FIRST BRIGADE--ACTING BRIGADIER GEN. DONNELLY.    

Forty-sixth Pennsylvania Regiment – 3 killed, 37 wounded and 76 missing.

Twenty-eighth New York – 2 wounded, 79 missing.

Fifth Connecticut – 1 killed, 12 wounded and 9 missing.

Total – 4 killed, 47 wounded and 251 missing.

 

THIRD BRIGADE-- ACTING BRIGADIER-GEN. GORDEN.  

Twenty-seventh Indiana – 3 killed, 17 wounded and 104 missing.

Twenty-ninth Pennsylvania – 2 killed, 5 wounded and 167 missing. 

Company G, is not included in above, but it is said to have 2 officers and 70 privates missing.

Second Massachusetts – 13 killed, 47 wounded and 80 missing.

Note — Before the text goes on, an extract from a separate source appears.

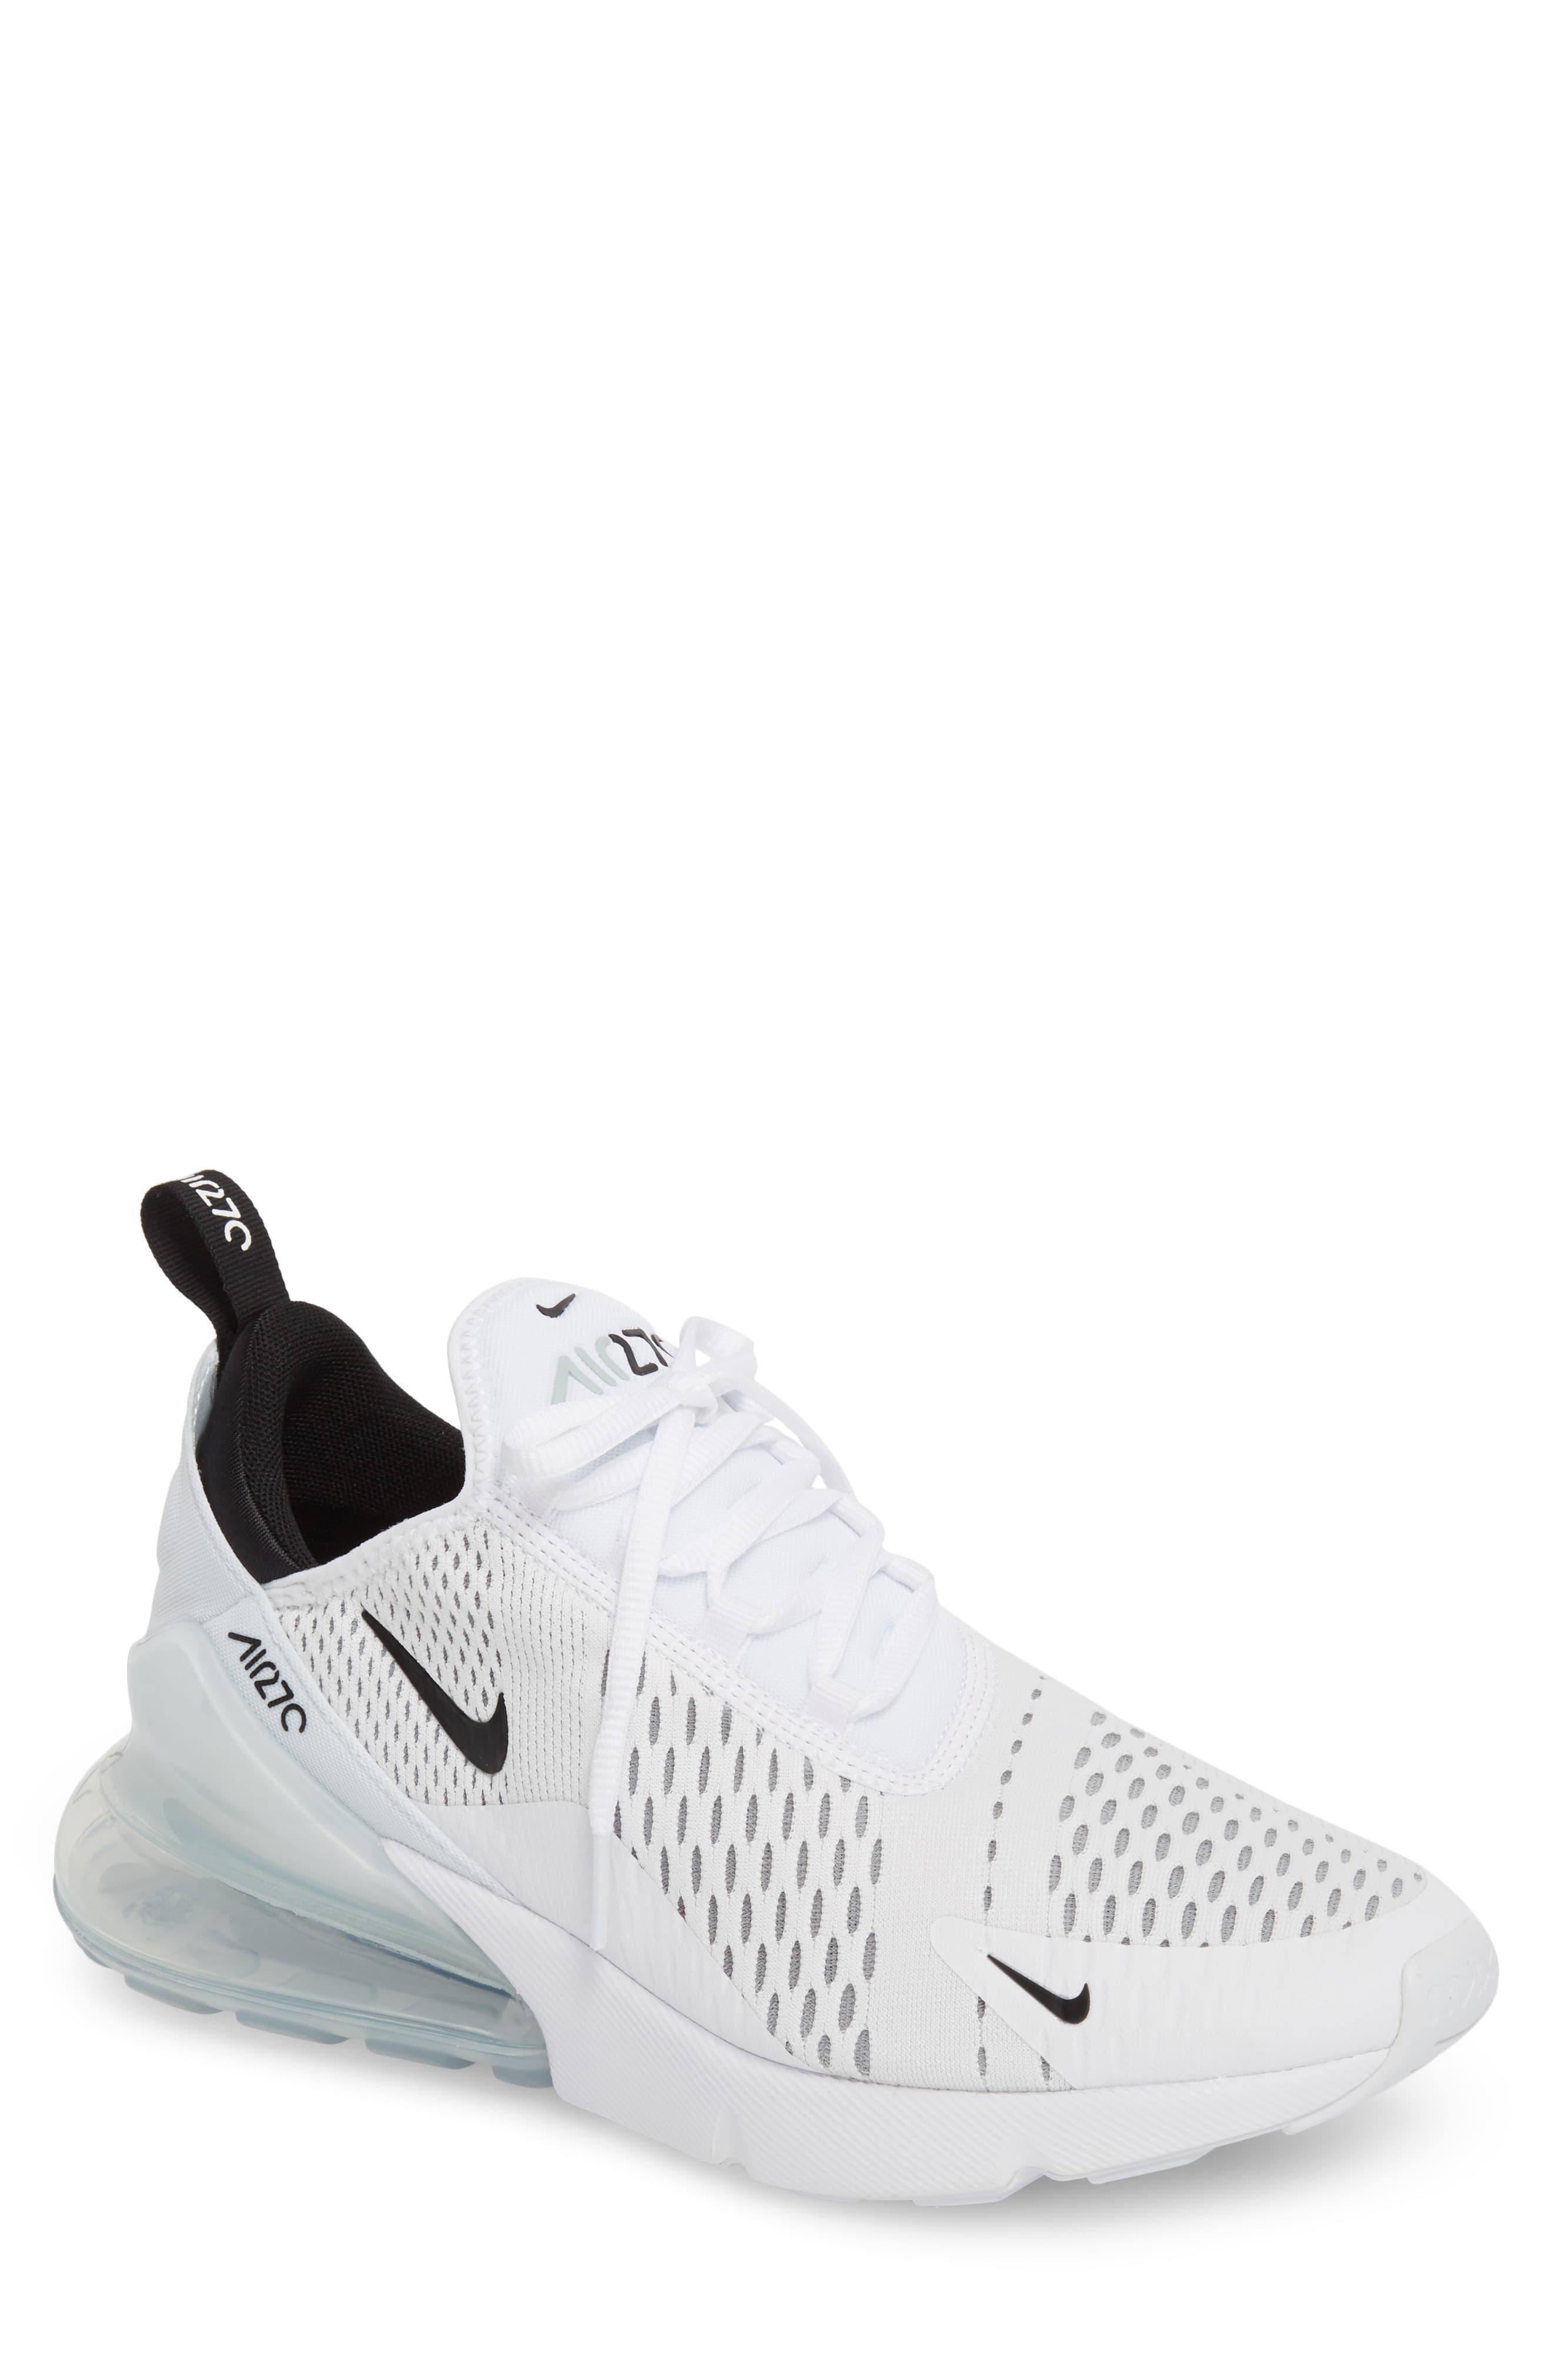 Men's Nike Air Max 270 Sneaker, Size 14 M - White   Sneakers ...

Third Wisconsin – 4 killed, 11 wounded and 80 missing.

Cothran's New York Battery – 2 killed, 3 wounded and 4 missing.  

Officers – Captain Mudge and Lieutenant Crowinshield, of the Second Massachusetts;  Captain Robb and Wilcoxsen, and Lieutenant Van Buskirk, of the Twenty-seventh Indiana; Lieut. Bently, of the Third Wisconsin; and Lieutenants Hodgkins and Winegar, of the Battery, are wounded, Major Dwight and Surgeons Leland and Stone of the Second Massachusetts;  Captain Hammer and Lieutenant Spencer, of the Third Wisconsin; Colonel Murphy and Lieutenants Linton, Goldsmith, Johnson, and McGuigan are missing.           

Best's Battery also lost one killed, two wounded and two missing, and Dr. Adolphus is also missing.  

The lists of casualties in the cavalry regiments have not thus far been able to obtain.  The First Vermont Cavalry suffered probably most severely.  Their loss is eight killed, thirteen wounded, and one hundred two missing.  Among the latter are Major Collins and Captain Bean, both of whom are supposed to be killed.  The commander of this regiment is Colonel Tompkins the gallant officer who some months since made the brilliant dash into Fairfax Court House.  

The rebel regiments which suffered most during Sunday's fight, was pronounced by one of their wounded, to be the Twenty-seventh North Carolina.  The Forty-sixth Pennsylvania and Fifth Connecticut mowed them down, as they advanced, like grass before the scythe.  Strange to say, although Jackson's army has been composed heretofore of Virginia troops, prisoners now state that no soldiers from the Old Dominion were in the recent engagements, although Jackson himself was there.